Are we humans?

It is hard to read, or write, or listen, or watch anything live without being reminded of the pandemic.

And maybe it is worth keeping it front and centre of our attention so we can continue to be fearful and stay within the guidance of experts.

I am not going to mention it in my post. Because I don’t need to.

But it’s made me reflect.

What is our society built on? Or rather, who is our society built on?

Towards the end of 2019, as fires raged through Australia burning down every house, tree, and any living being in its path the world was content that it wasn’t in their backyard.

People who were drawing attention to the climate crisis, and who continue to do so, are ridiculed.

The claim being – the world can’t just stop and reduce pollution. It is impossible.

Kids need to get practical.

With every politician and all the climate deniers were screaming that polluting businesses can’t be shut down. As without them the whole society will capitulate.

And so we watched on. We watched the fires rage through Australia whilst those in power didn’t solve a thing.

Barely are we 3 months away from it, before the pandemic spread like fire on Earth. Now we have something in our backyard.

Credit: NIAID-RML Flickr  (CC BY 2.0)

It doesn’t burn you. And yet it burns.

It burns everything in its path.

It doesn’t discriminate on race, religion, or colour.

It doesn’t give one flying falafel about your borders.

It doesn’t wait. It doesn’t think. And it certainly does not care what businesses it shuts down.

And what is being done?

Quarantine. Businesses shut. People asked to stay indoors.

1.3B populated country has just stopped. Nobody cares what fuel your car uses, what meat your fast food chain serves, and certainly no one cares how good your fur and leather clothes are.

We cannibalised Earth.

Photo by Brian McGowan on Unsplash

And it has taken one mutation of virus to remind us how fragile we really are. As a society. As nations. As whatever other artificial names we’ve given our selves as a group of people.

We are apparently everything, apart from being people.

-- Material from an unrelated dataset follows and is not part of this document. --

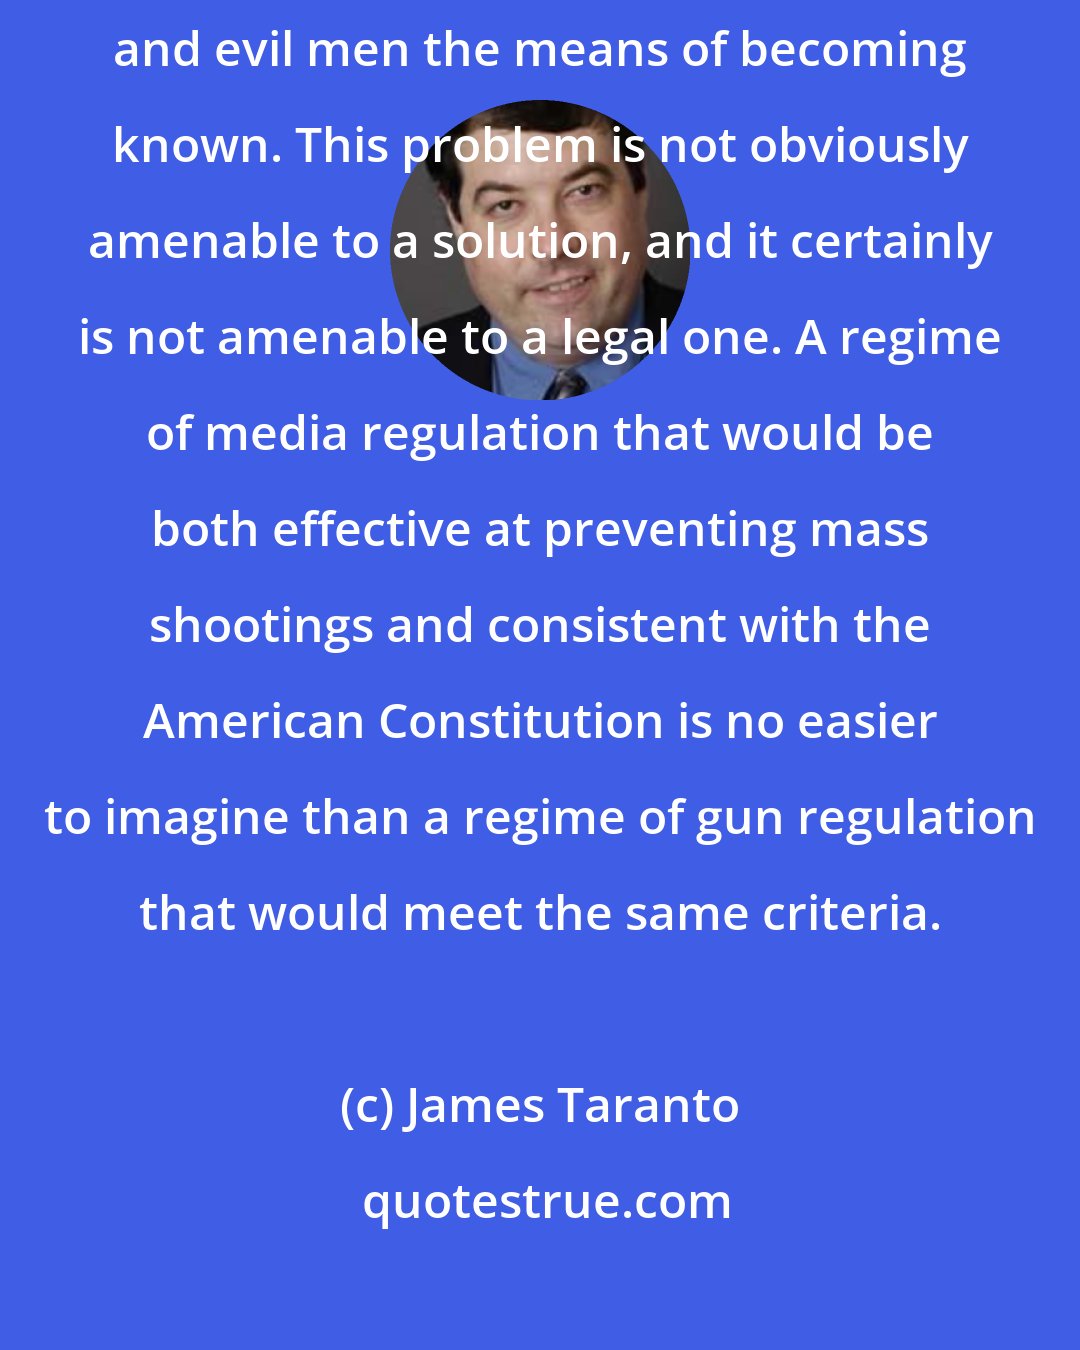 James Taranto: An industry devoted to serving the public's right to know gives twisted and evil men the means of becoming known. This problem is not obviously amenable to a solution, and it certainly is not amenable to a legal one. A regime of media regulation that would be both effective at preventing mass shootings and consistent with the American Constitution is no easier to imagine than a regime of gun regulation that would meet the same criteria.

Eventually this pandemic will come to an end. There might be 50,000, 100,000, or 1,000,000 deaths. I don’t know. But it will pass.

What happens then? Do we go back to being our ugly selves?

Do we continue to canniablise mother nature?

Do we continue to build fragile societies?

Or do we change?

I don’t know the answer, is the honest answer.

Humans are fickle.

We fought over toilet roll, when hunger should’ve been high on mind.

At the first hint of panic from the unknown we flooded to buy freaking toilet roll?

Photo by Brian McGowan on Unsplash

And yet, when refugees are fleeing from war zone, not knowing when the next bomb drops, or where it drops, and which one of their loved ones is lost – we claim it isn’t our responsibility?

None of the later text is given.